Un permis refusé, un panneau de chantier qui apparaît chez le voisin, une véranda construite « sans rien demander », un terrain devenu inconstructible : l'urbanisme décide de ce que chacun peut bâtir — à coups de délais parmi les plus piégeux du droit français. Cette fiche s'adresse aux particuliers qui construisent ou qui subissent une construction, comme aux professionnels.

Droit de l'Urbanisme

Il arbitre entre le droit de construire et le droit des autres — voisins, commune, paysage — et cet arbitrage se joue presque entièrement sur des mécanismes de délais. Le recours du voisin contre un permis : deux mois à compter du premier jour d'un affichage continu sur le terrain. La notification de ce recours au bénéficiaire et à la mairie : quinze jours francs, à peine d'irrecevabilité — le piège qui tue une bonne part des recours de particuliers. Les poursuites pénales d'une construction illégale : six ans depuis l'achèvement. L'action en démolition de la commune : dix ans. Chaque situation a son chronomètre, et il tourne souvent sans qu'on le sache.
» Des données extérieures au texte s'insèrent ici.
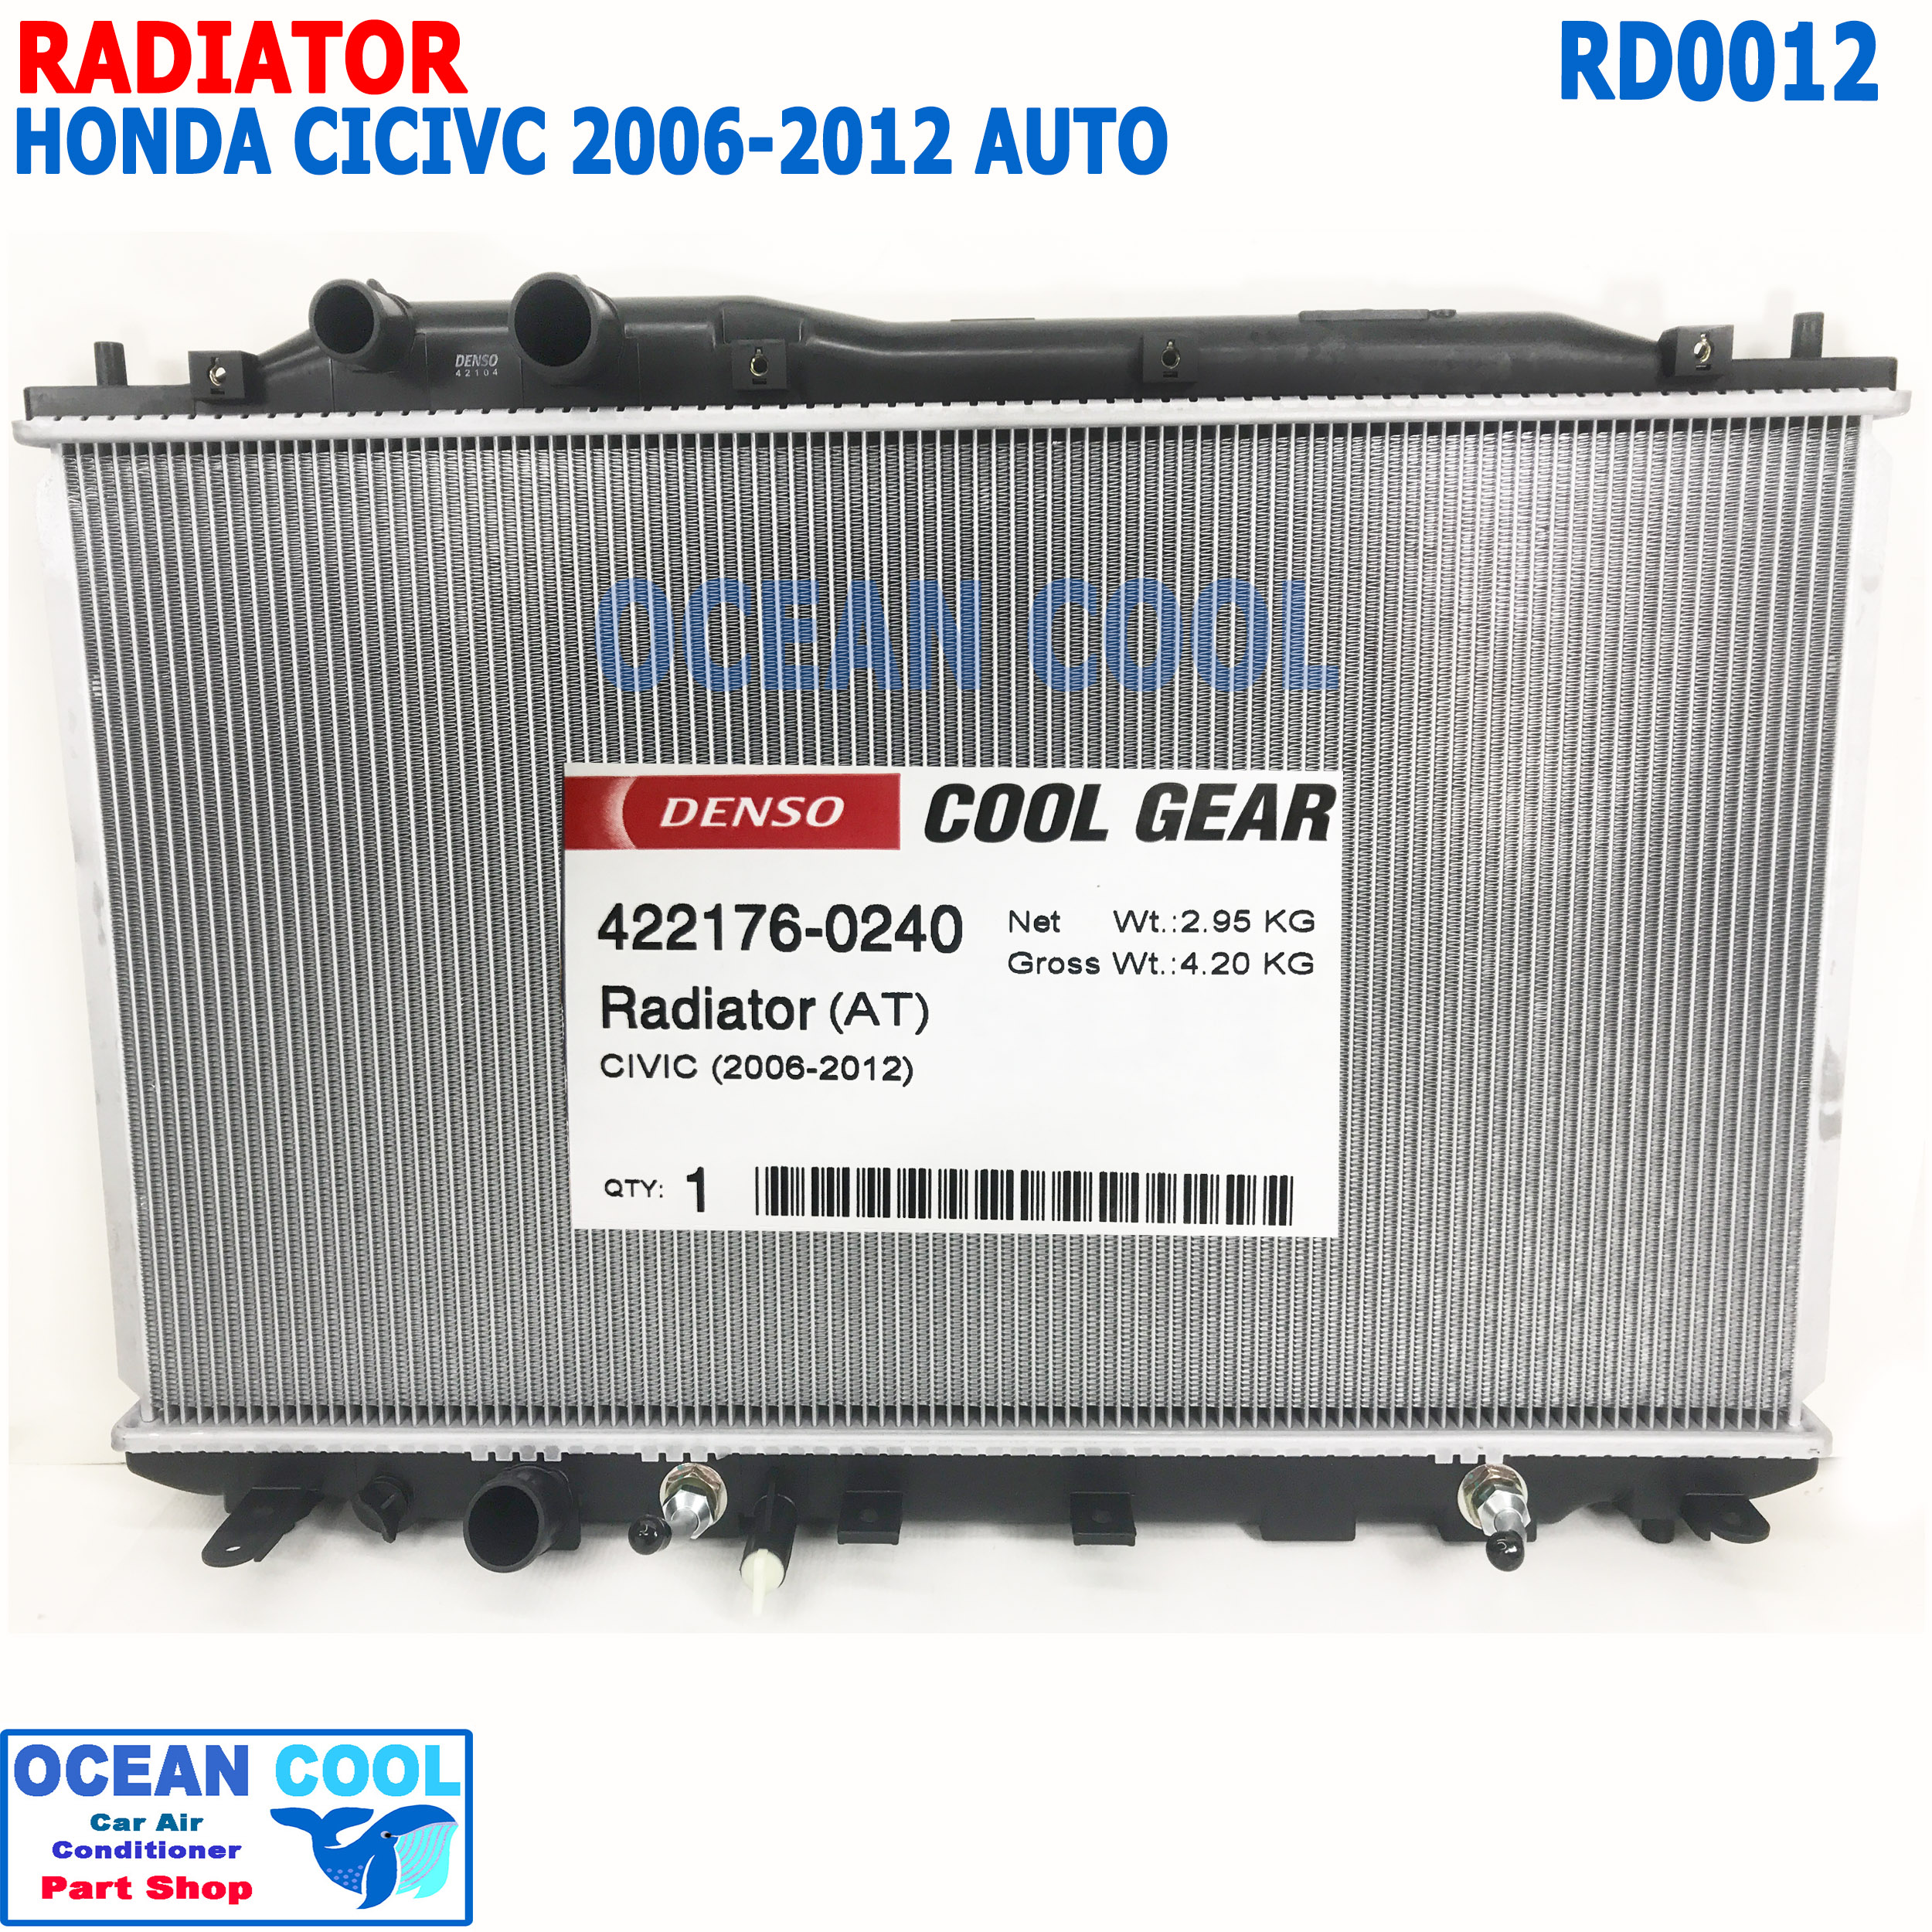 หม้อน้ำ ฮอนด้า ซีวิค FD นางฟ้า 2006 - 2011 เกียร์ ออโต้ เครื่อง 1.8 , 2.0  RD0012 หนา 16 มิล Cool Gear รหัส 422176-0240 พ.ศ. 2549 ถึง 2554  radiator HONDA CIVIC  AUTO 2007 2008 2009 2010 HYBRID

C'est aussi un droit où chacun est tour à tour attaquant et défenseur : le même propriétaire conteste un jour le refus de son permis, défend le lendemain son autorisation attaquée, et découvre à la revente qu'une annexe des années 1990 n'a jamais existé juridiquement. La matière se gagne sur la procédure autant que sur le fond.

Le tout sur fond de règles locales : le plan local d'urbanisme (PLU) décide, parcelle par parcelle, de ce qui est possible — et il se lit, se discute et, parfois, se conteste.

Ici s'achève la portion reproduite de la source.